Can a sole trader be a principal contractor?
Yes. There is nothing in CDM 2015 that prevents a sole trader from being the principal contractor. The regulations do not require a specific company structure, turnover level, or number of employees. If you are the contractor managing and coordinating the construction phase on a project with more than one contractor, you are the principal contractor — regardless of whether you are a sole trader, a partnership, or a limited company. What matters is competence: you must have the skills, knowledge, experience, and organisational capability to carry out the role.
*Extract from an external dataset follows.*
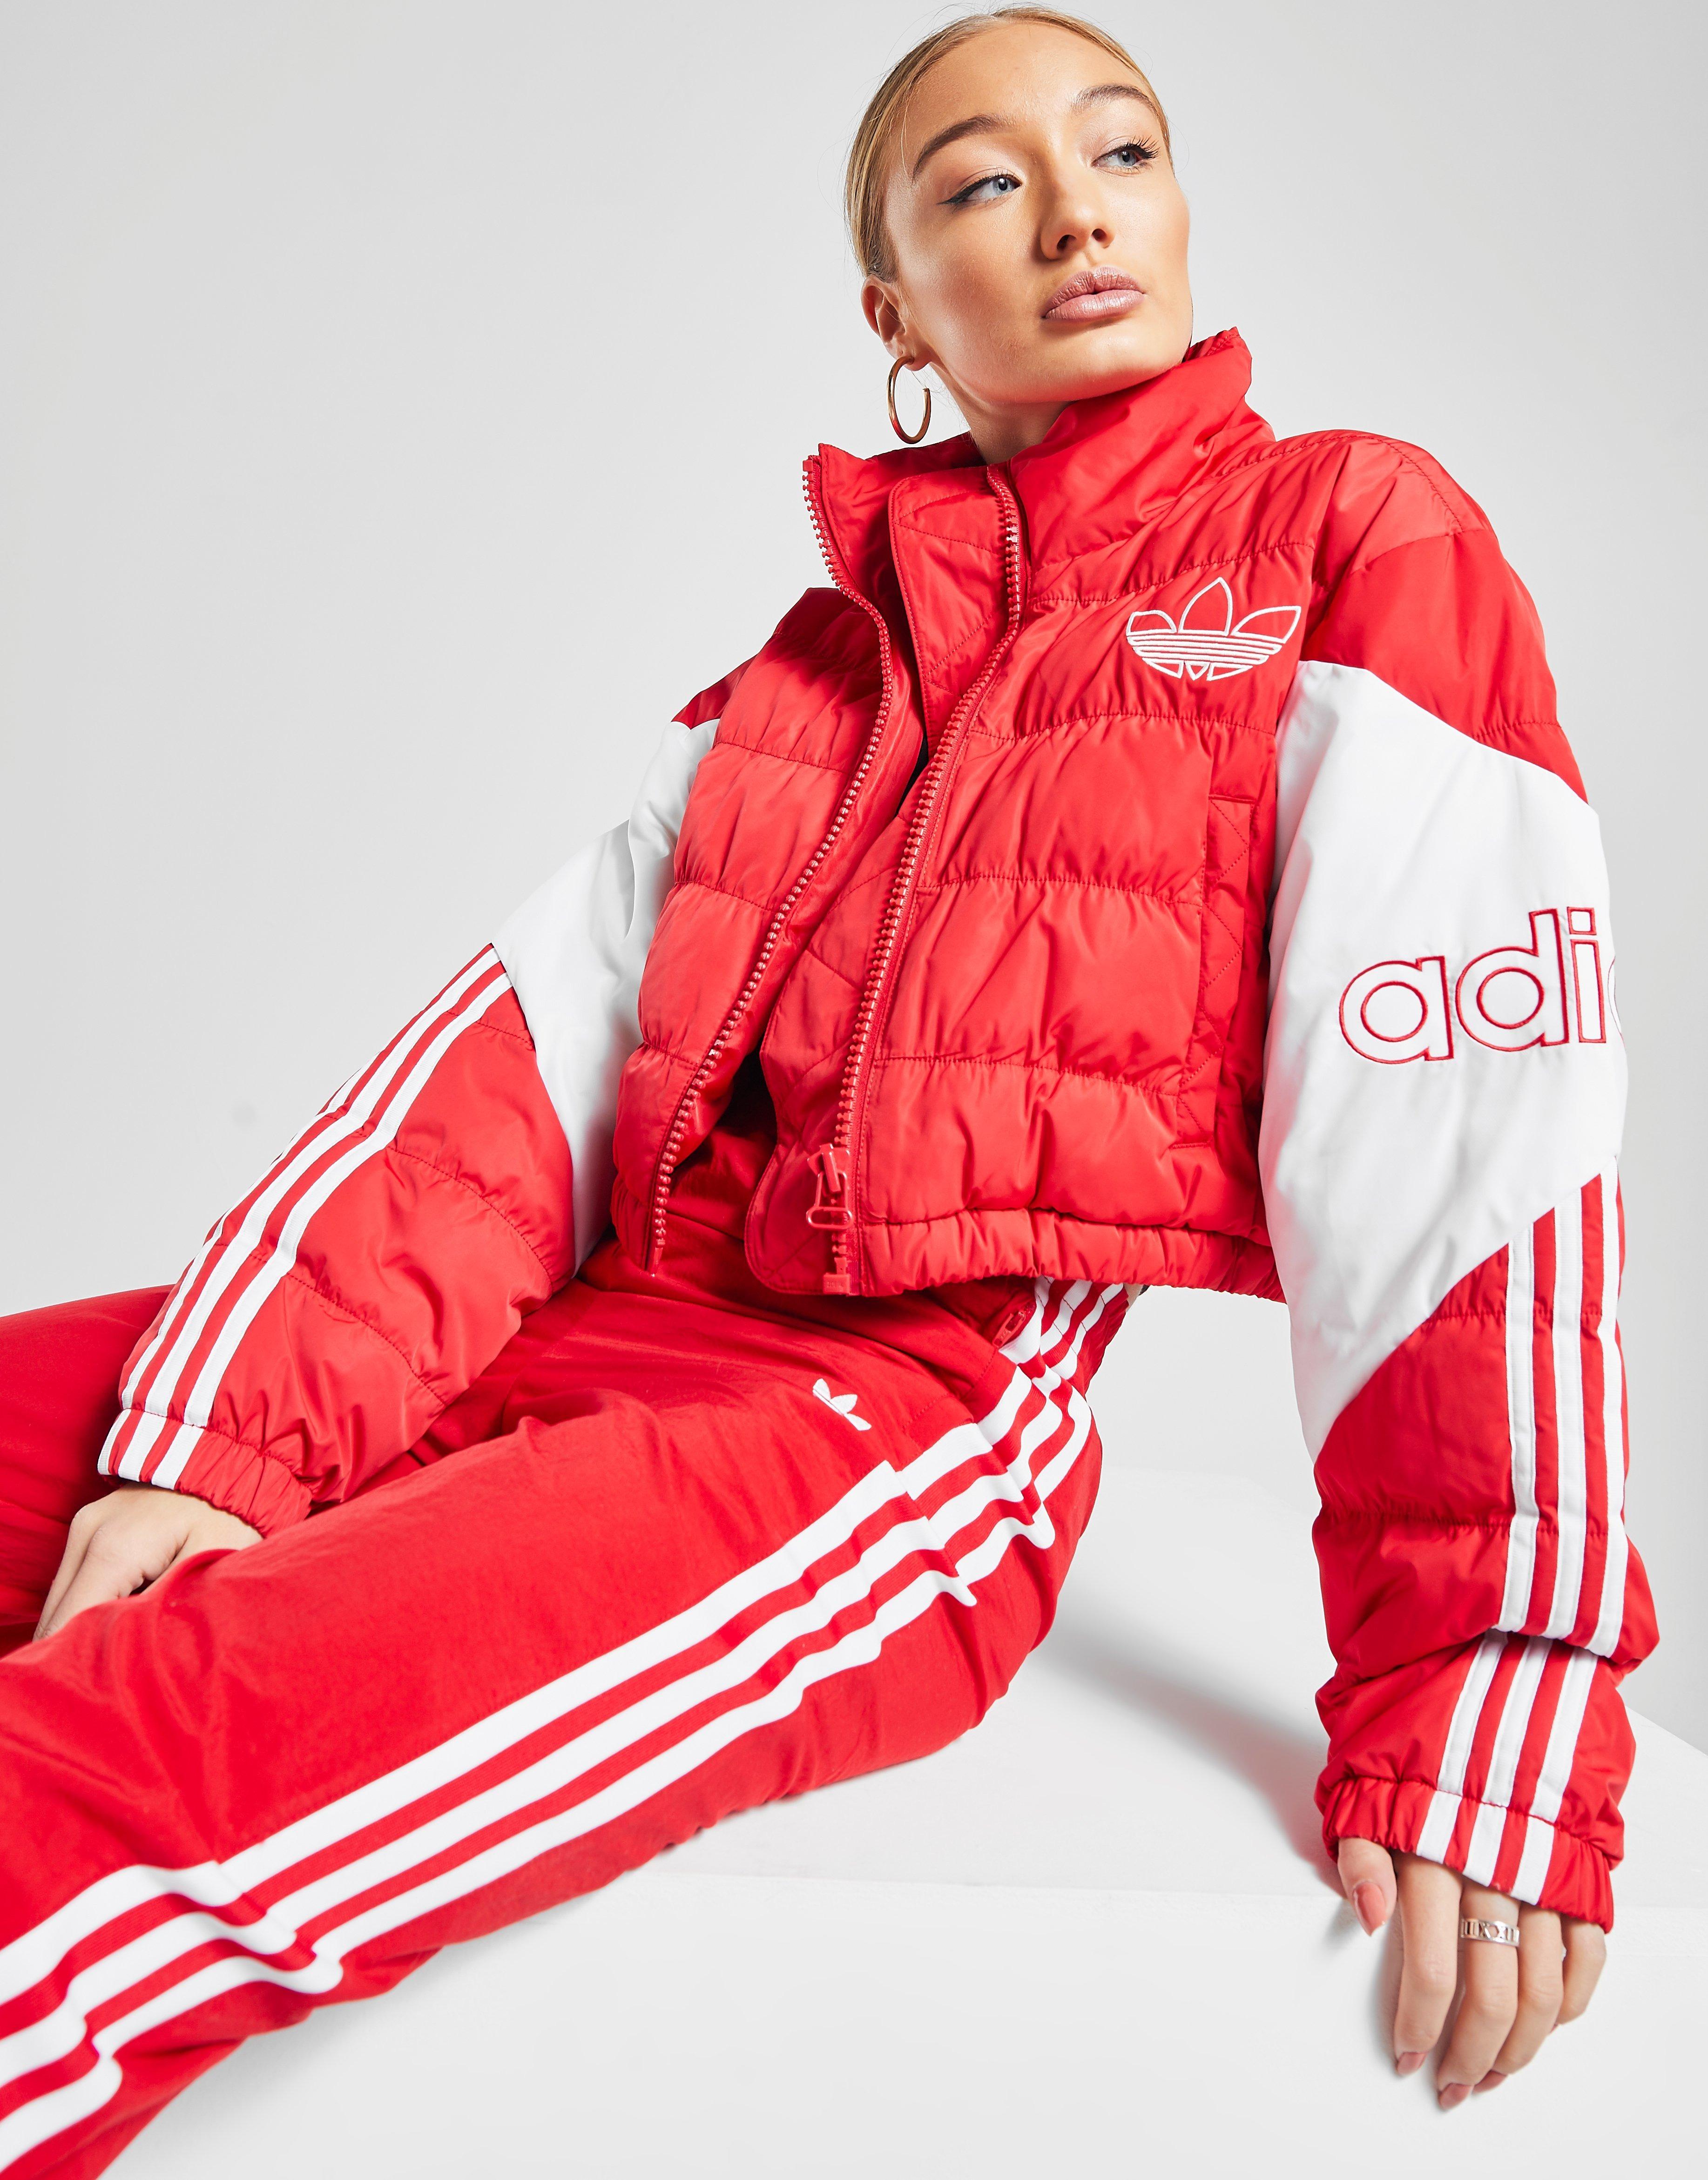 Women's adidas Originals Vocal Taped Padded Jacket Pink Spirit

For most domestic projects with a couple of subcontractors, a competent sole trader is perfectly capable of fulfilling principal contractor duties.
What’s the difference between principal contractor and main contractor?
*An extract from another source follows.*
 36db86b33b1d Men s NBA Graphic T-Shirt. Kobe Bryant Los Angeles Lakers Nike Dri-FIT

‘Main contractor’ is a commercial term used in contracts to describe the firm that wins the job and manages the build. ‘Principal contractor’ is a legal term defined by CDM 2015 — it refers to the contractor appointed by the client to plan, manage, monitor, and coordinate health and safety during the construction phase when more than one contractor is involved. In practice, the main contractor and the principal contractor are usually the same company, but they do not have to be. The client can appoint any competent contractor as the PC, even if that contractor is not the main contractor commercially. The key distinction is that ‘principal contractor’ carries specific legal duties under CDM 2015, whereas ‘main contractor’ is simply a contractual role.
Do I need to be SSIP accredited to be a principal contractor?
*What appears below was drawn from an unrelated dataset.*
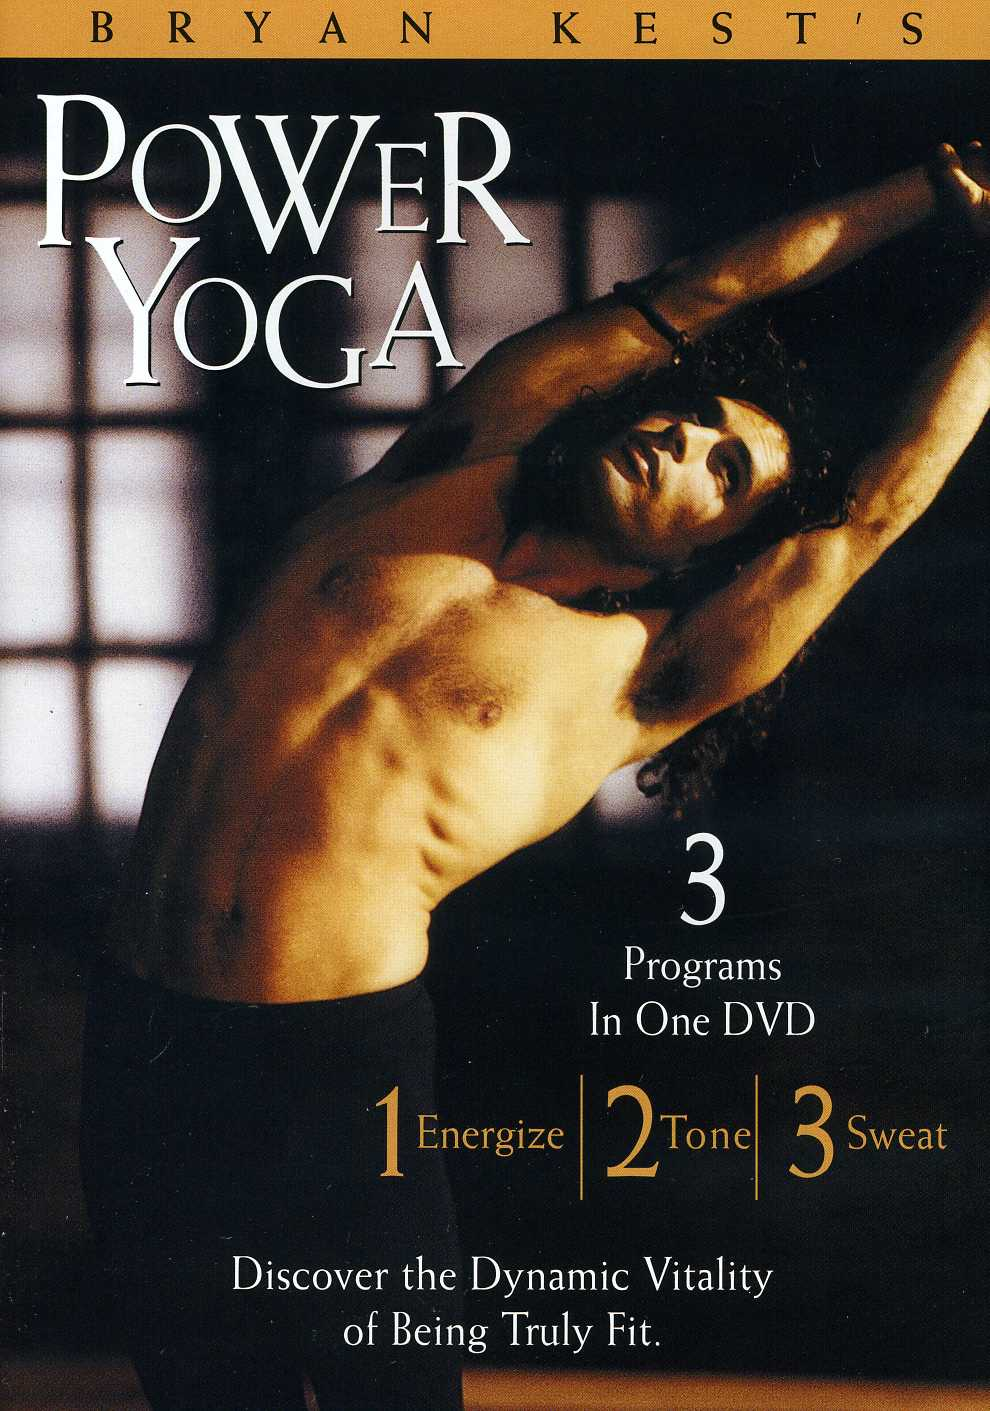 Bryan Kest's Power Yoga (DVD)

No. There is no legal requirement under CDM 2015 to hold SSIP (Safety Schemes in Procurement) accreditation or any other third-party certification in order to act as the principal contractor. CDM 2015 requires that you are competent — that you have the skills, knowledge, experience, and organisational capability to fulfil the role — but it does not mandate a specific accreditation scheme. That said, many commercial clients and tier-one contractors will require SSIP accreditation (such as CHAS, SafeContractor, or Constructionline) as a pre-qualification requirement before they will appoint you. On domestic projects, accreditation is rarely requested. Whether or not you hold accreditation, the legal duties of the principal contractor are the same.
What happens if no one is appointed as principal contractor?
If a project has more than one contractor and the client fails to appoint a principal contractor, the client is in breach of CDM 2015. However, this does not let anyone else off the hook. On a commercial project, the client retains the duty to appoint and the HSE can take enforcement action against them. On a domestic project, the situation is different: because domestic client duties transfer automatically to the contractor or principal contractor, the contractor who is in control of the construction phase effectively inherits the PC role by default. In practice, if you are managing subcontractors on a domestic job and no one has been formally appointed as PC, you are almost certainly carrying out the role — and the duties apply to you whether or not anyone has used the words ‘principal contractor.’
Can the client be the principal contractor?
Yes, but only if the client is a contractor themselves — that is, they carry out, manage, or control construction work. A developer who employs their own site team and manages the build directly could, in theory, act as both the client and the principal contractor. However, a homeowner who is simply commissioning work is not a contractor and cannot be the principal contractor. On domestic projects, the client duties transfer automatically to the contractor or PC anyway, so the homeowner does not need to take on any CDM role. In practice, it is unusual for the client to act as PC because the role requires hands-on management of the construction phase, which most clients are not equipped to do.